Stagnation in private investment, lower remittance inflow big challenges: UO
Dhaka: The Unnayan Onneshan (UO) revealed that medium-term macroeconomic challenges in the forms of stagnation in ratio of private investment to gross domestic product, deceleration in rate of growth in collection of revenue and lower inflow of remittance, coupled with high youth unemployment loom large.
The independent multidisciplinary think tank in its year-end assessment of the economy said, "The causes of elapsing prospects are more institutional. The gradual corrosion of institutions has constrained allocation of resources to channel efficiently into the productive sectors in order for the economy to get higher returns in terms of expanded productive capacity."

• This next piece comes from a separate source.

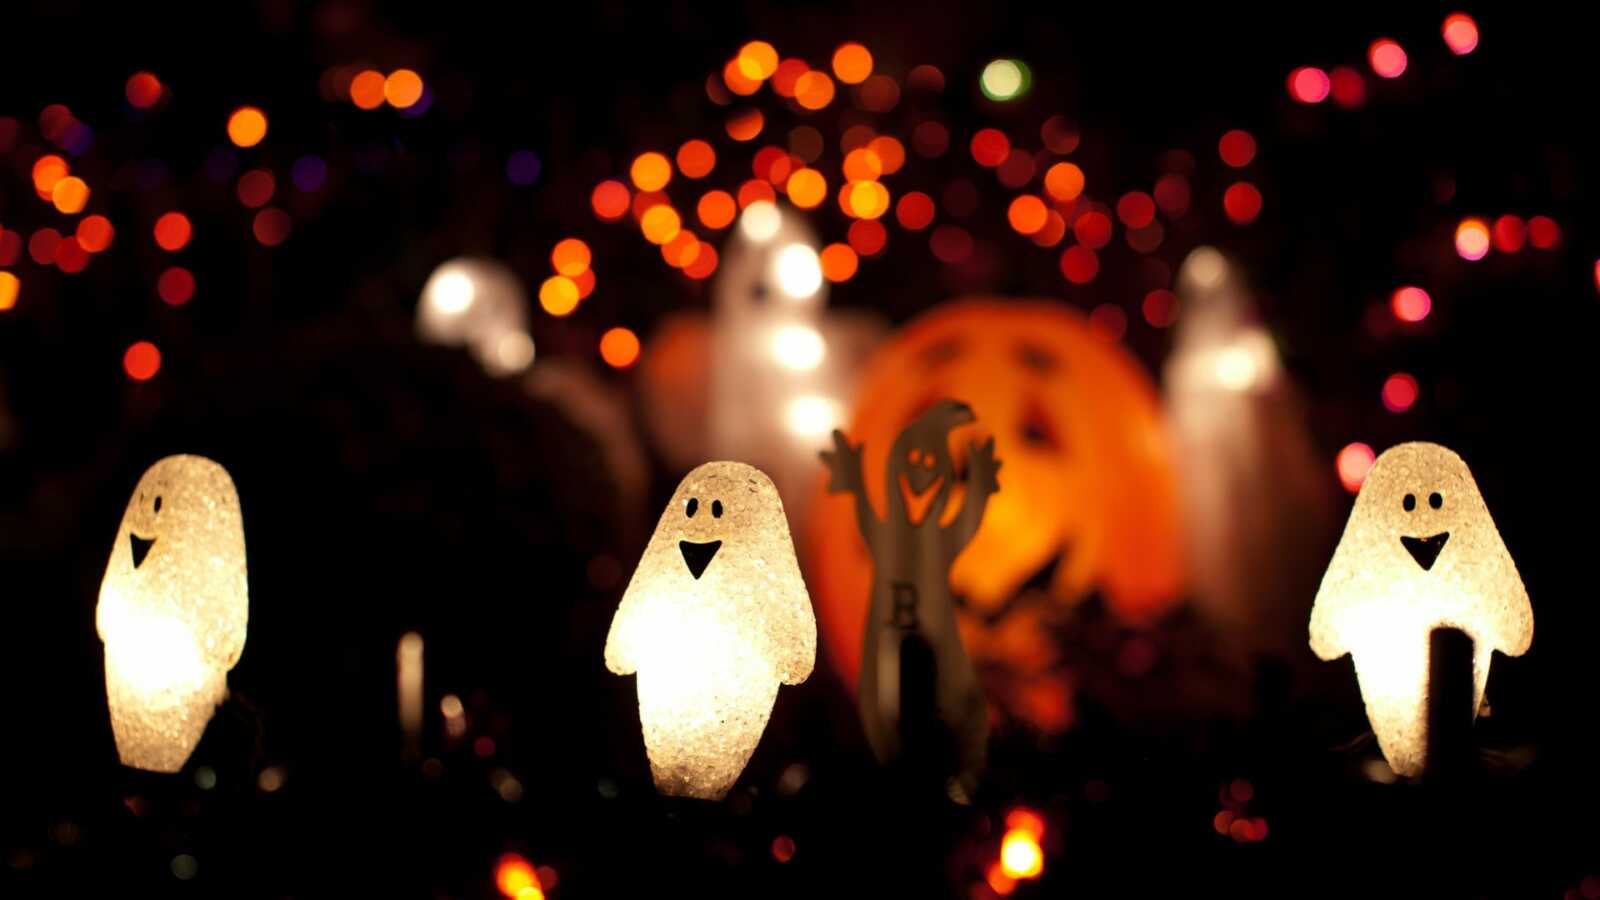 Halloween lawn decorations and lights at night

The Unnayan Onneshan noted that the stagnation in the ratio of private investment to Gross Domestic Product (GDP) and ever increasing rise of capital flight, coupled with regulatory unpredictability in economic management have appeared to be the major challenges in the economy.

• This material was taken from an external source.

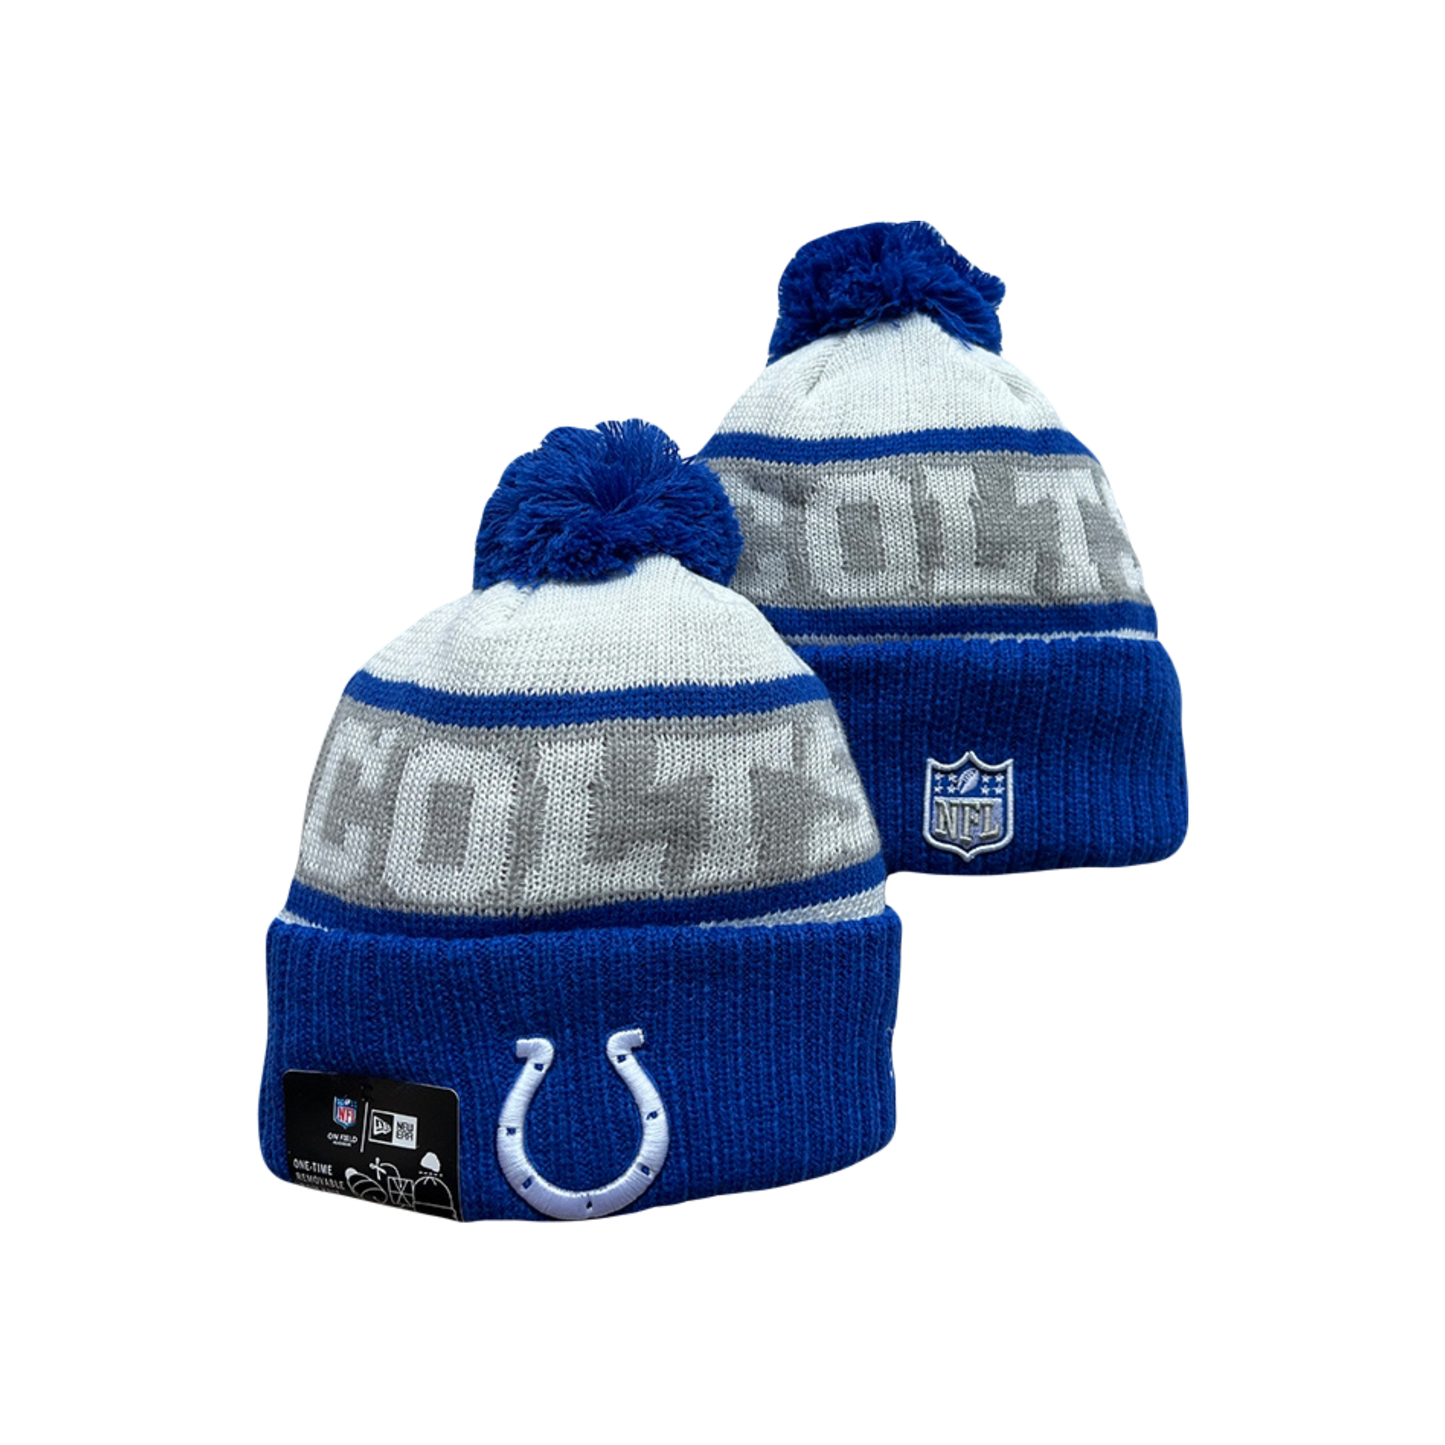 Indianapolis Colts ‘Colts Country’ NFL New Era Knit Beanie

The think tank showed that private investment as percentage of GDP decreased by 0.04 percent on average since FY 2008-09. Private investment stood 21.87, 21.56, 22.14, 22.50, 21.75, 22.03, 22.07, and 21.78 percent of GDP in FY 2008-09, 2009-10, 2010-11, 2011-12, 2012-13, 2013-14, 2014-15, and 2015-16 respectively.
The think tank showed that the collection of total tax revenue as percentage of GDP has been declining since FY 2012-13. Total tax revenue as percentage of GDP stood at 9.74 percent, 9.69 percent, 9.28 percent, and 8.98 percent in FY 2012-13, FY 2013-14, FY 2014-15, and FY 2015-16 respectively.
Declining trend is also observed in the inflow of workers' remittance in the first five months of FY 2016-17 compared to the corresponding period of the previous fiscal year. Inflow of workers' remittance declined by 15.65 percent to 5208.12 million USD in July-November 2016 from 6174.59 million USD in July-November 2015.
In view of the present economic challenges, the research organization urges adoption of a medium-term strategy, encompassing employment enhancement actions, higher revenue collection through expanding the tax base, institutional reform in financial sector, increased private investment through recovering business confidence, effective harmonization of macroeconomic policies, and development of a functional social security system.